» Provided data

Start of Block

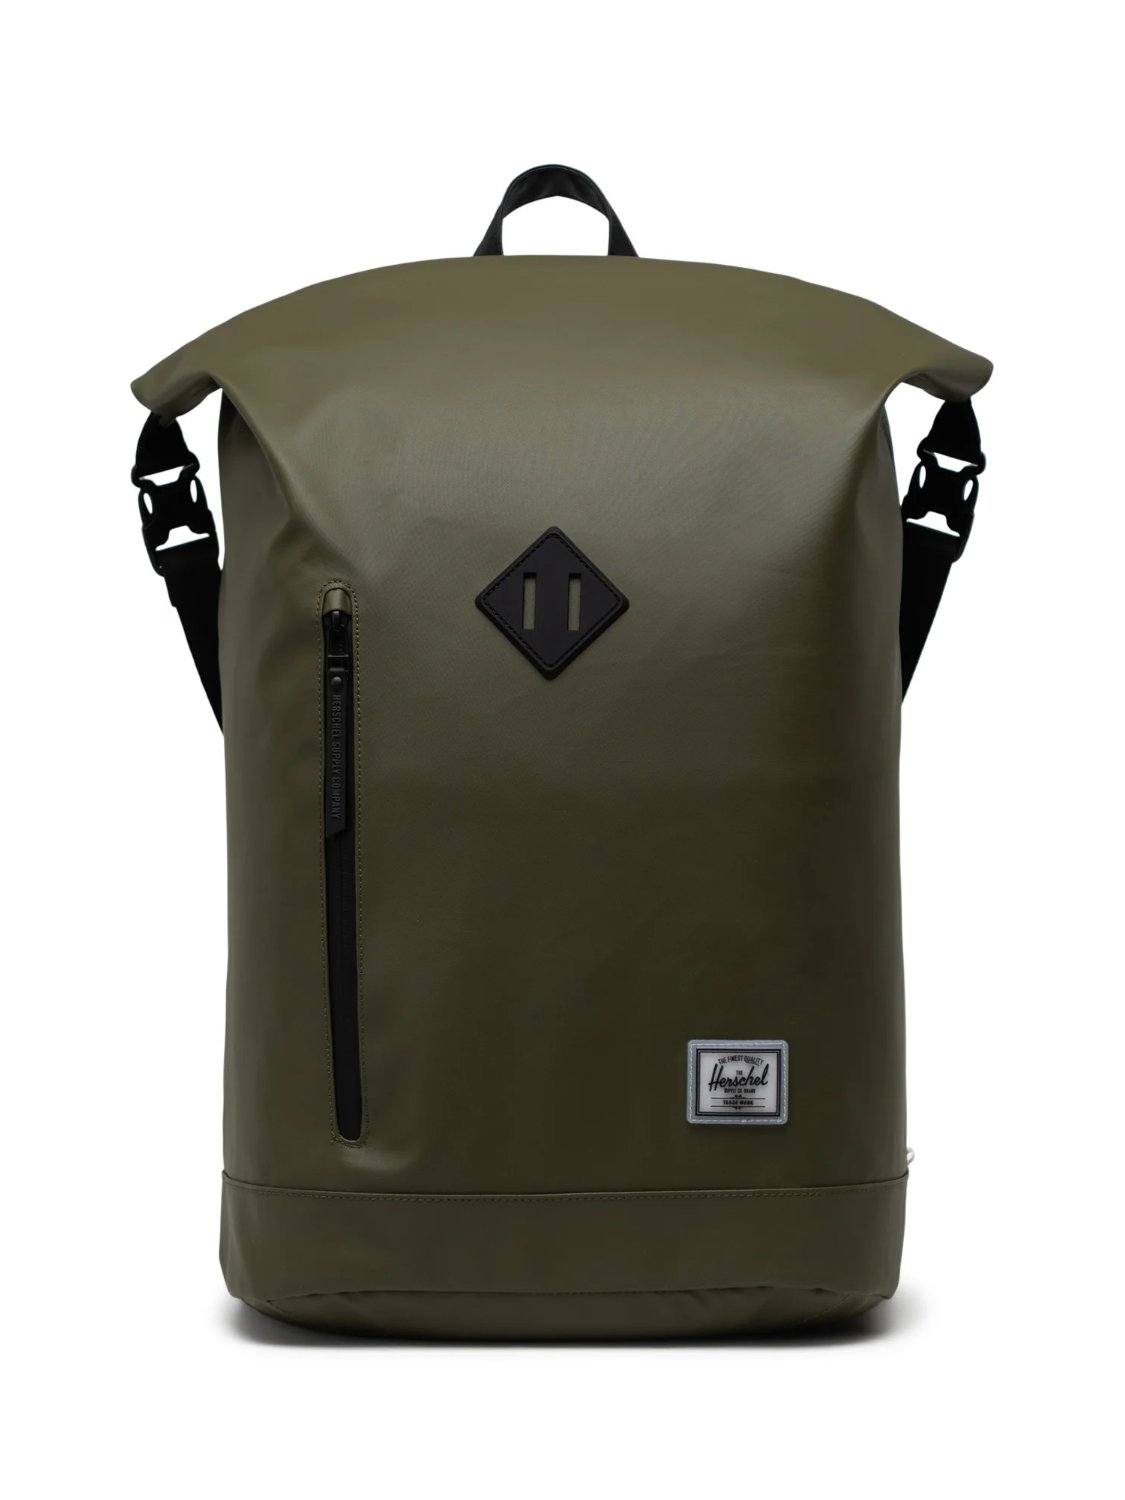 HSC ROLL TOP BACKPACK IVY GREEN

End of Block
Start of Block

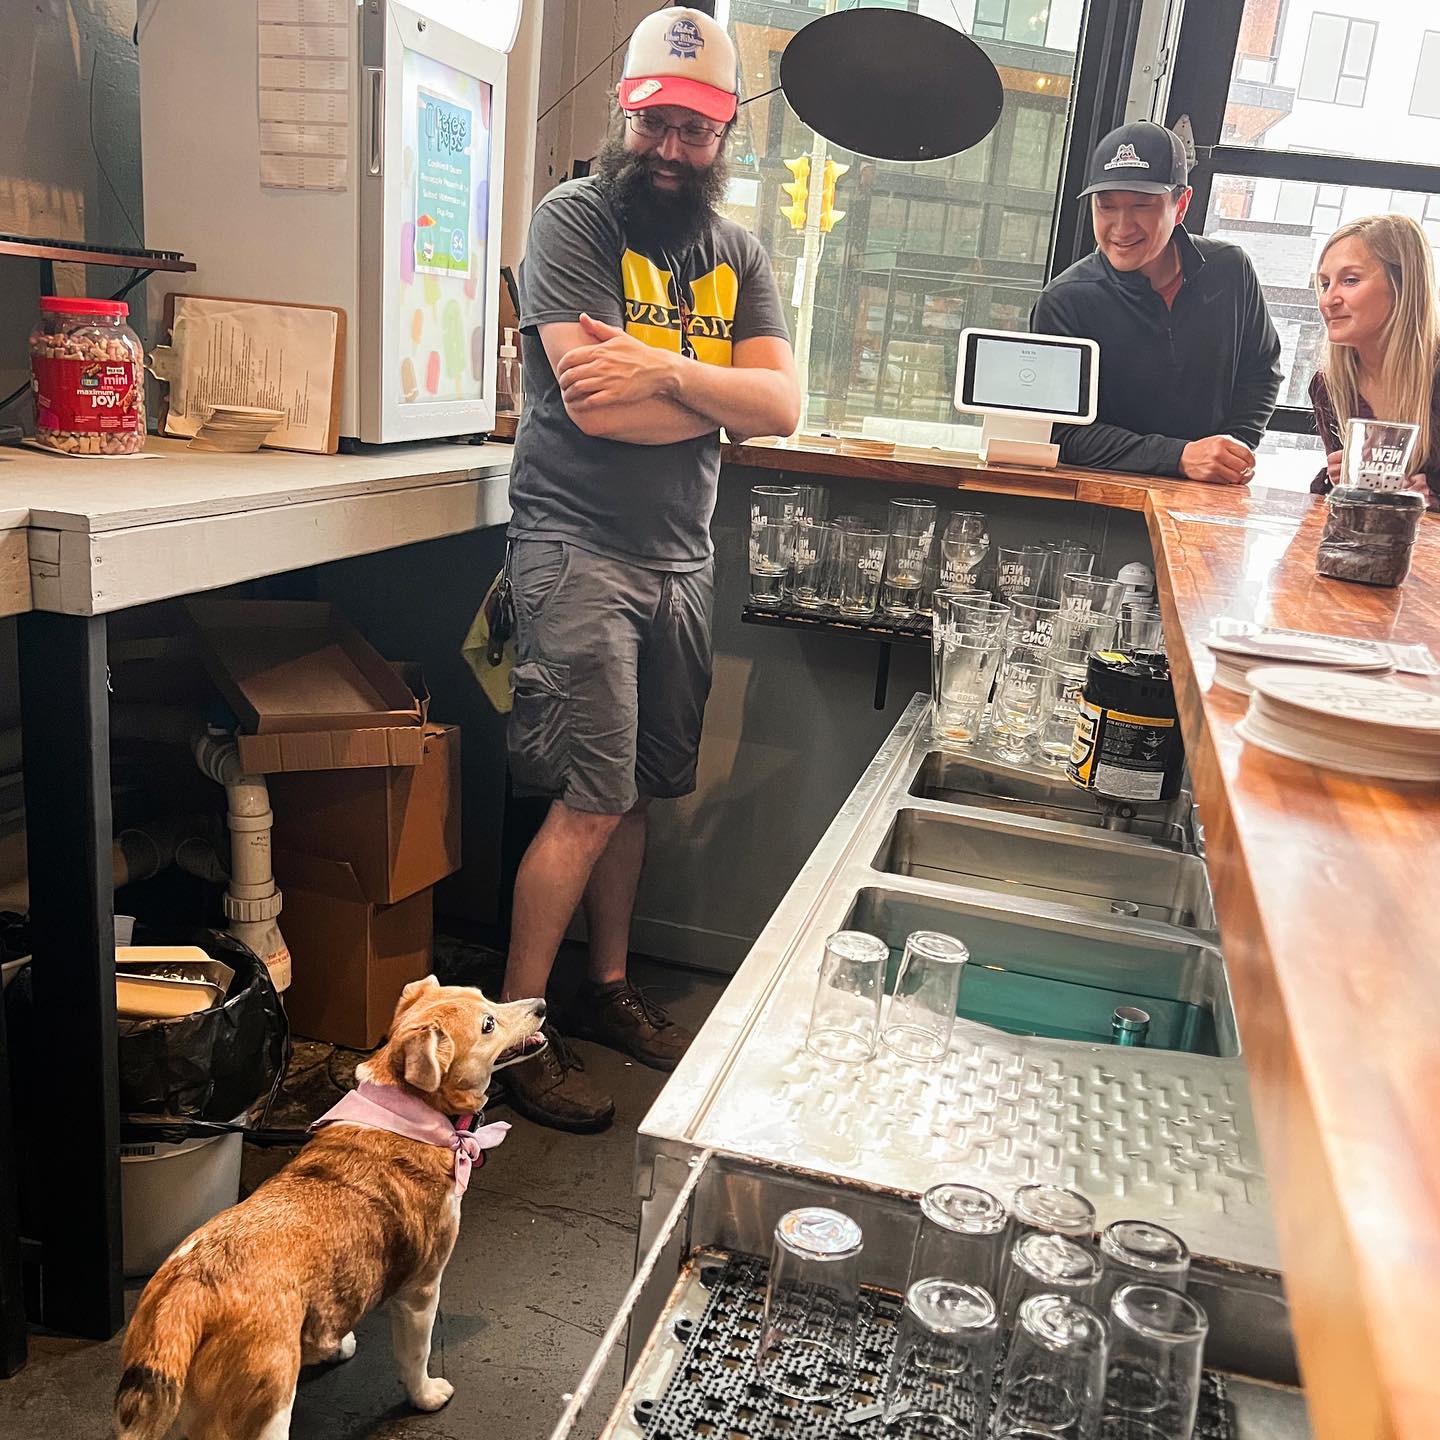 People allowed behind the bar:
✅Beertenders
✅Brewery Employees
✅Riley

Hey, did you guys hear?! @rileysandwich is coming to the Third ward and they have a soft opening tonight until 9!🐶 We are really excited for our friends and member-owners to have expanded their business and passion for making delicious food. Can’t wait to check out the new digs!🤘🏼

End of Block

» Exercise requirements
Although the records hold pictures, the copy must not; give again exactly the lines from the one with "People allowed behind" through the one with "Hey, did you".

» Task output
 People allowed behind the bar:
✅Beertenders
✅Brewery Employees
✅Riley

Hey, did you guys hear?! @rileysandwich is coming to the Third ward and they have a soft opening tonight until 9!🐶 We are really excited for our friends and member-owners to have expanded their business and passion for making delicious food. Can’t wait to check out the new digs!🤘🏼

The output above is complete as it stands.